My obsession with “cancel culture”

Voting rights

cancel cultureI have become fairly obsessed with the notion of a so-called cancel culture. How did the term so “quickly became one of the buzziest and most controversial ideas on the internet”?

“Despite the seemingly positive intentions of many cancellations — to ‘demand greater accountability from public figures,’ as Merriam-Webster’s evaluation of the phrase notes —” Let me stop in mid-sentence here. Accountability is what we feel we want in a civilized society and don’t always receive.

Continue… “people tend to call out cancel culture itself as a negative movement, suggesting that the consequences of the cancellation are too harsh in minor instances or represent rushed judgment in complicated situations.”

That’s undoubtedly happened, especially involving things one has done in the past. I’m so glad I wasn’t on Instagram in the 1980s.

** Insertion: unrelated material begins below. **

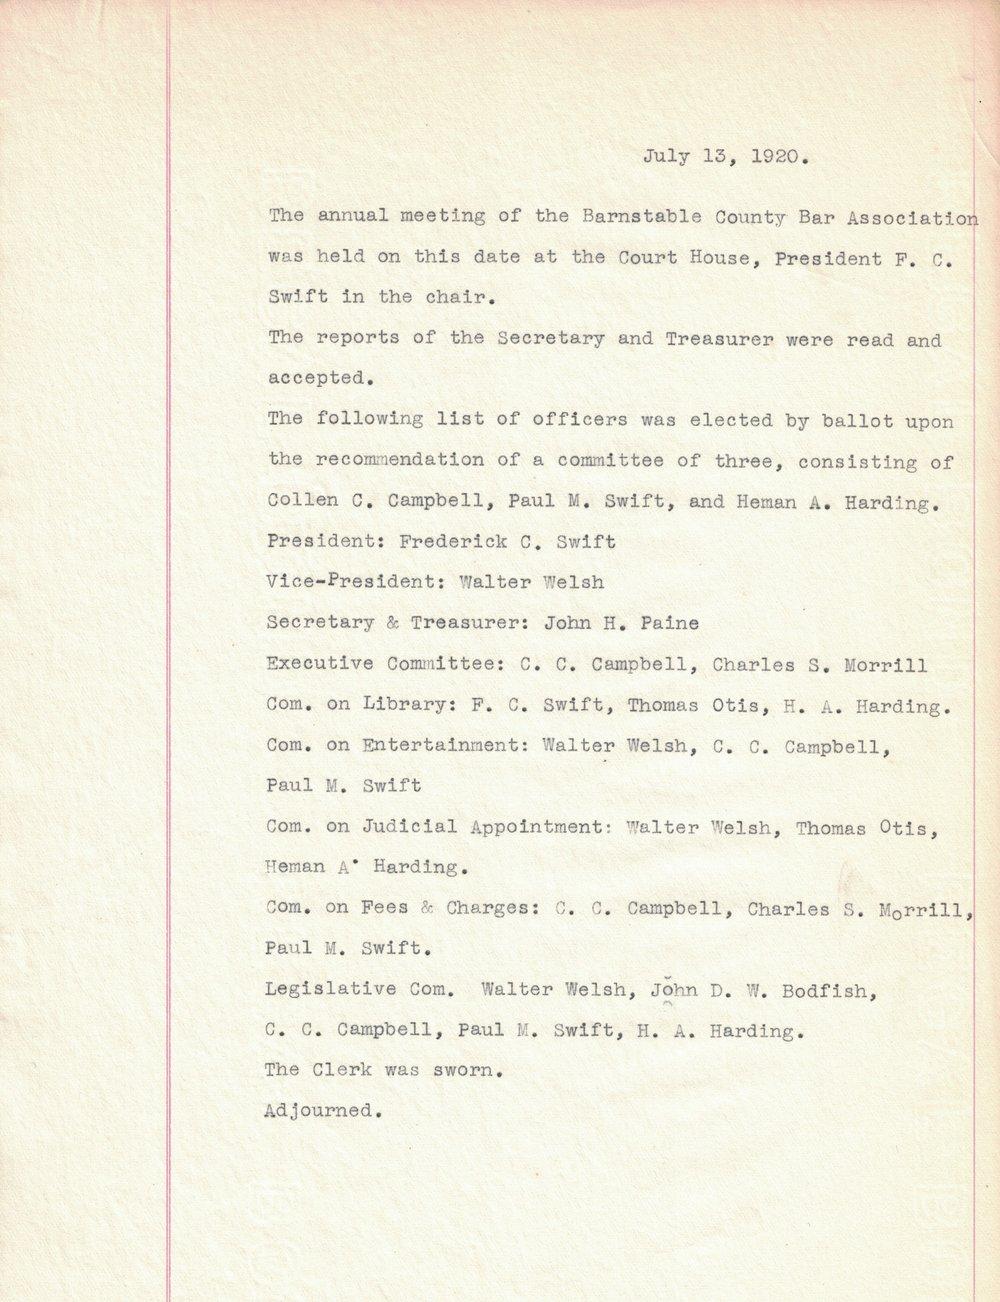 1920 Minutes

The term is of recent origin. But the notion of canceling people because they violated the conventions of the day has long existed. It’s that now, we have the technology to better facilitate it.

Often it’s been powerful organizations who’ve silenced dissenters. The church canceled Copernicus and Galileo. If it had access to Twitter, it’d have had a field day with Martin Luther. Maybe we’ll see the return of the scarlet letter.

“The kind of language that’s used to talk about groups of people assembled together—or their collective actions seeking to change the status quo—often maligns communities as irrational, ‘mobs’ or ‘rioters’ with uncontrolled, invalid emotions, a kind of faceless contagion that presents a threat to civilized, law-abiding society and the ruling establishment.”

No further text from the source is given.